As artificial intelligence continues to reshape our tools, workflows, and defenses, we also have to acknowledge one important truth:

The bad actors are using it too.

But this isn’t a reason to panic it’s a reason to get smart, stay proactive, and lead with clarity.

We’re entering a new phase in cybersecurity where the attack surface is expanding, and attackers are moving faster and more convincingly thanks, in part, to generative AI.

Here’s what we’re seeing:

1. Smarter Phishing Campaigns

What used to be easy to spot poor grammar, odd phrasing is now nearly flawless.
Attackers are using AI to craft hyper-personalized phishing emails, mimic writing styles, and tailor messages to roles, departments, and even specific personalities.

These aren’t your typical mass-email scams. They’re strategic, contextual, and increasingly hard to detect.

2. Deepfakes and Synthetic Voice Attacks

We're already seeing AI-generated videos and voice clones used to impersonate executives, trick employees, and even simulate emergency calls.

Think about it: a deepfake video or audio message from your CEO asking finance to "urgently wire funds"?
That’s no longer science fiction it's a growing reality.

3. Faster, Automated Exploits

AI can analyze code for vulnerabilities, automate exploit development, and run social engineering campaigns at scale.
It’s allowing threat actors to test, iterate, and attack with speed we haven’t seen before.

But here’s the good news: We’re not powerless.

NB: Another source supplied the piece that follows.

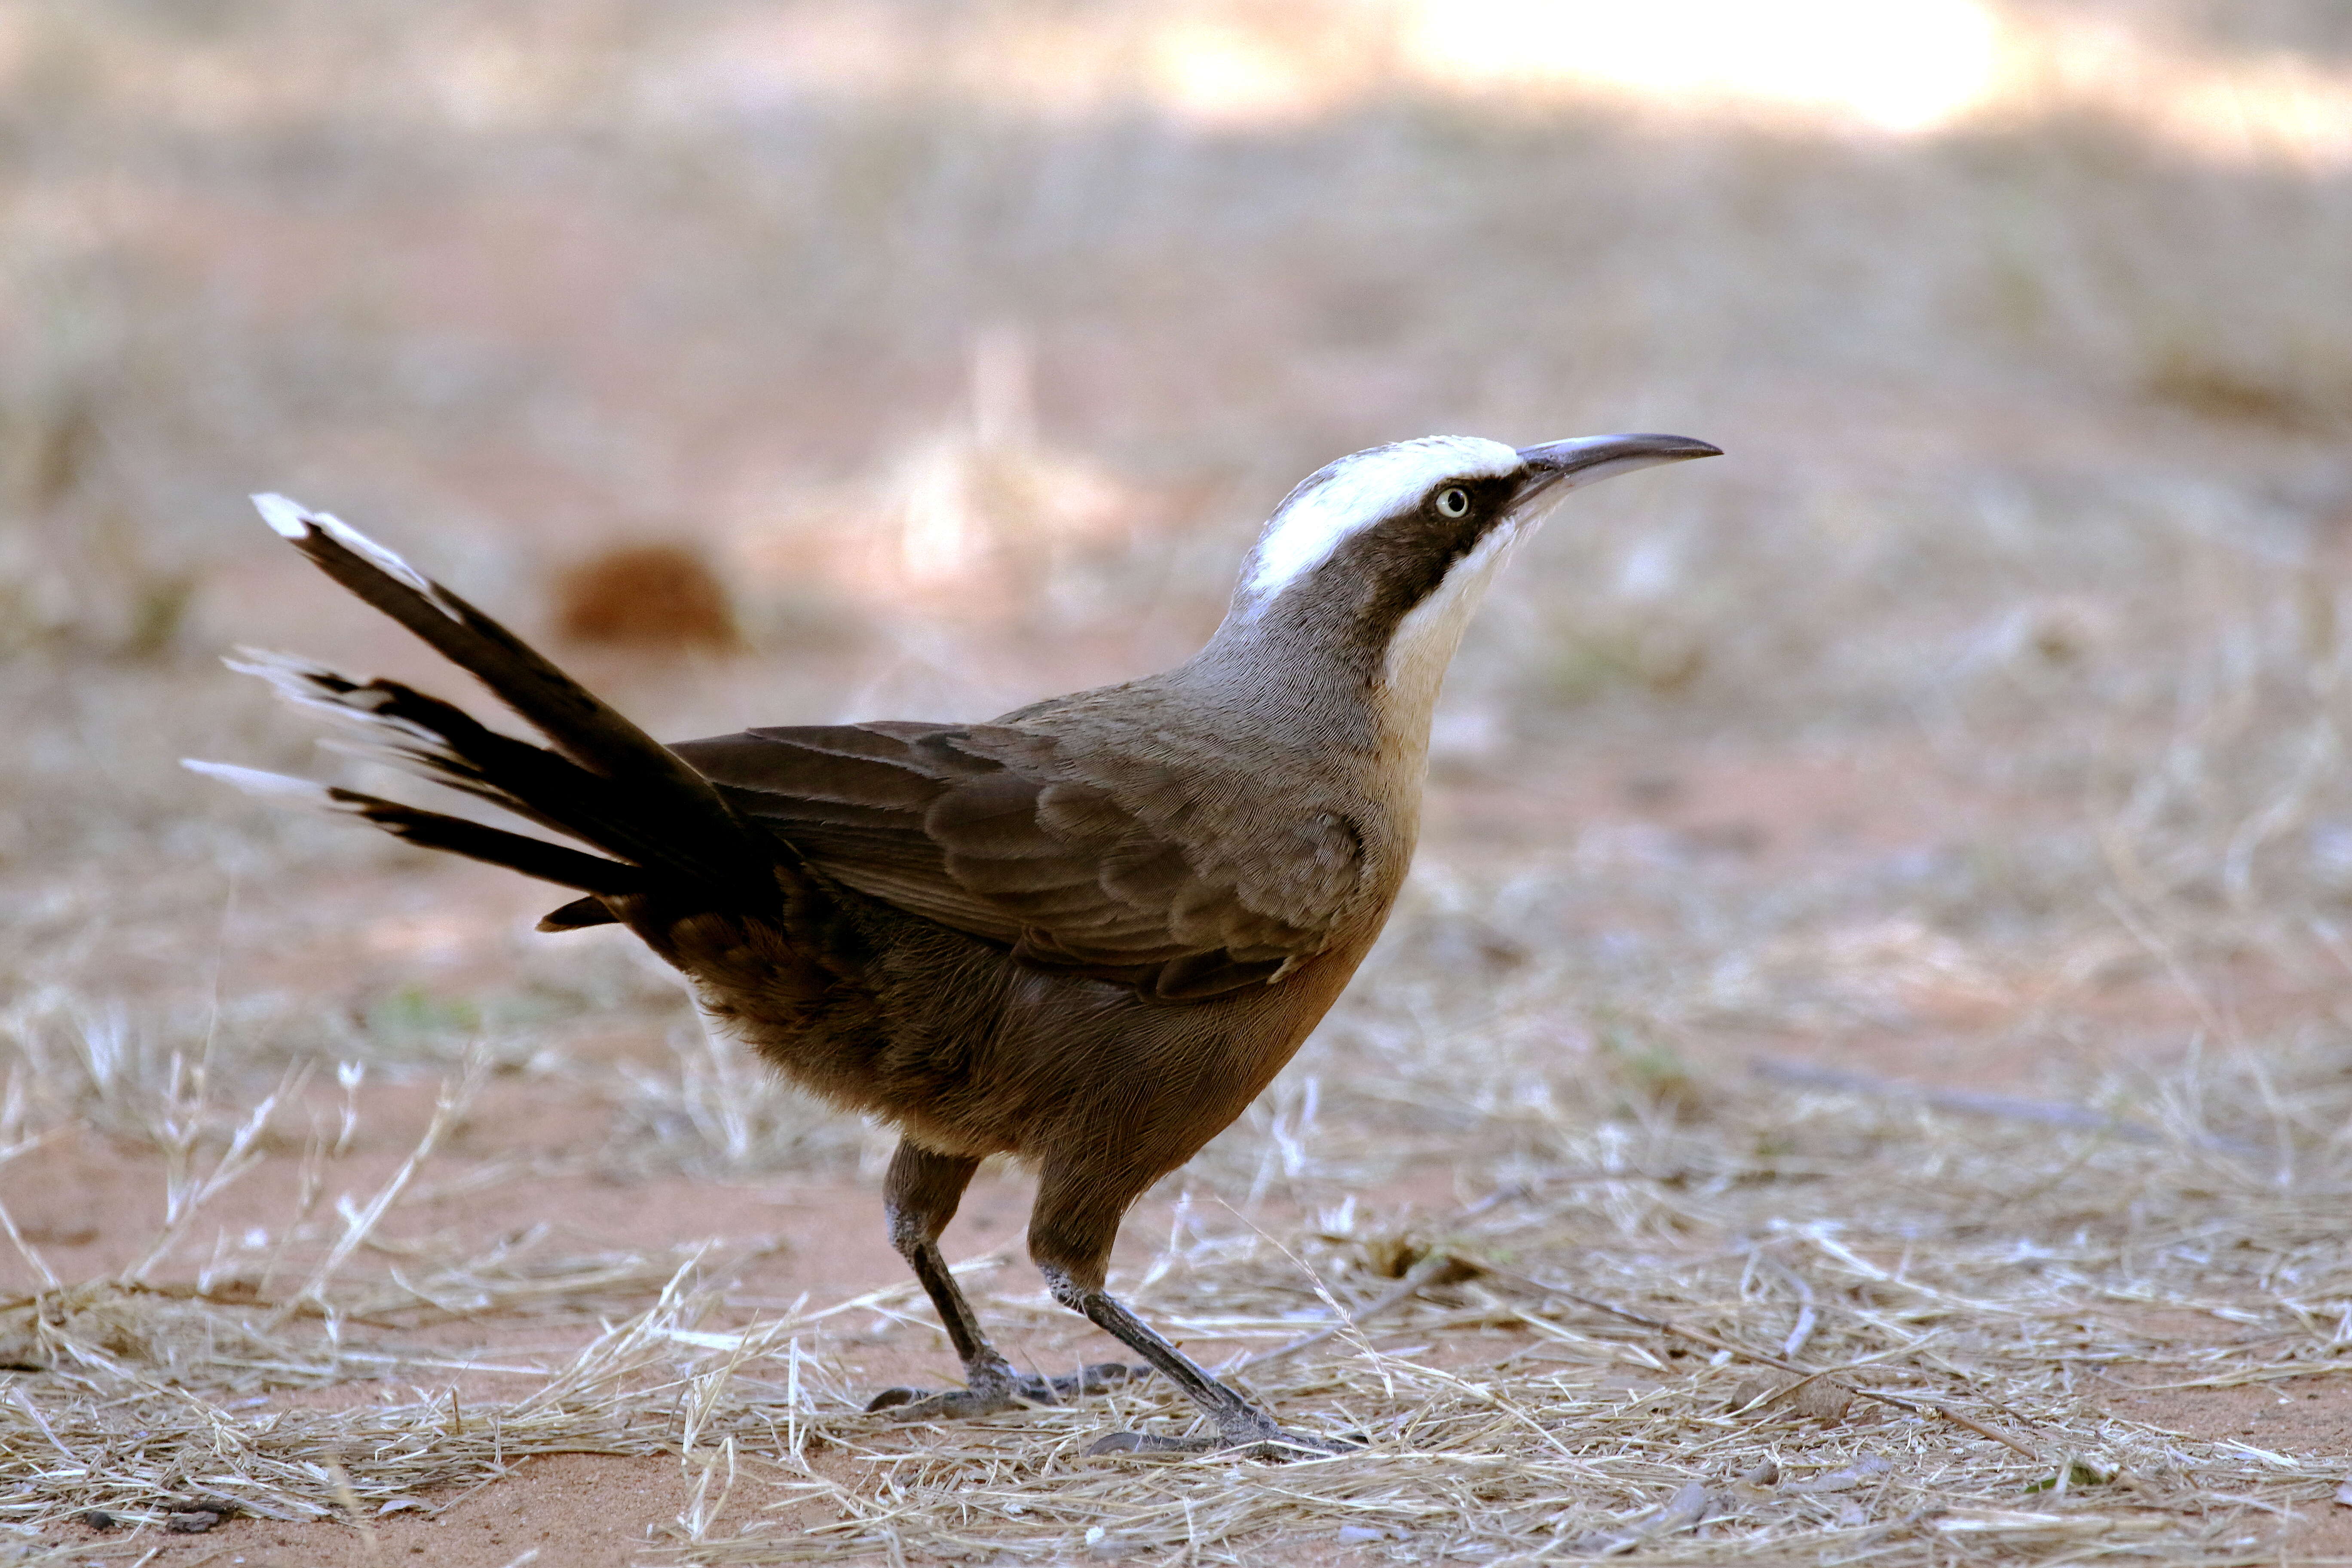 Image of Australo-Papuan babblers

If AI is a new tool in the attacker’s arsenal, it’s also a powerful force in ours.

Mid-market companies, even those without large SOCs, can:

  • Leverage AI-powered email and endpoint protection to spot patterns and anomalies before humans do.

  • Use AI for user behavior analytics, detecting subtle signs of compromise across accounts.

  • Train teams to recognize AI-driven phishing with updated simulations and role-based awareness.

  • Implement layered defenses, knowing that one tool or alert isn’t enough in a world of hyper-realistic deception.

Most importantly: we lead with intention, not fear.

We don't need to match attackers' tool-for-tool.
We need to stay informed, stay adaptive, and design systems that evolve as fast as the threat landscape does.

AI changes the game for everyone. The challenge isn’t that attackers are using it.
The opportunity is that so can we, and often with more discipline, vision, and values.

Let’s build the future of cybersecurity from a place of capability, not crisis.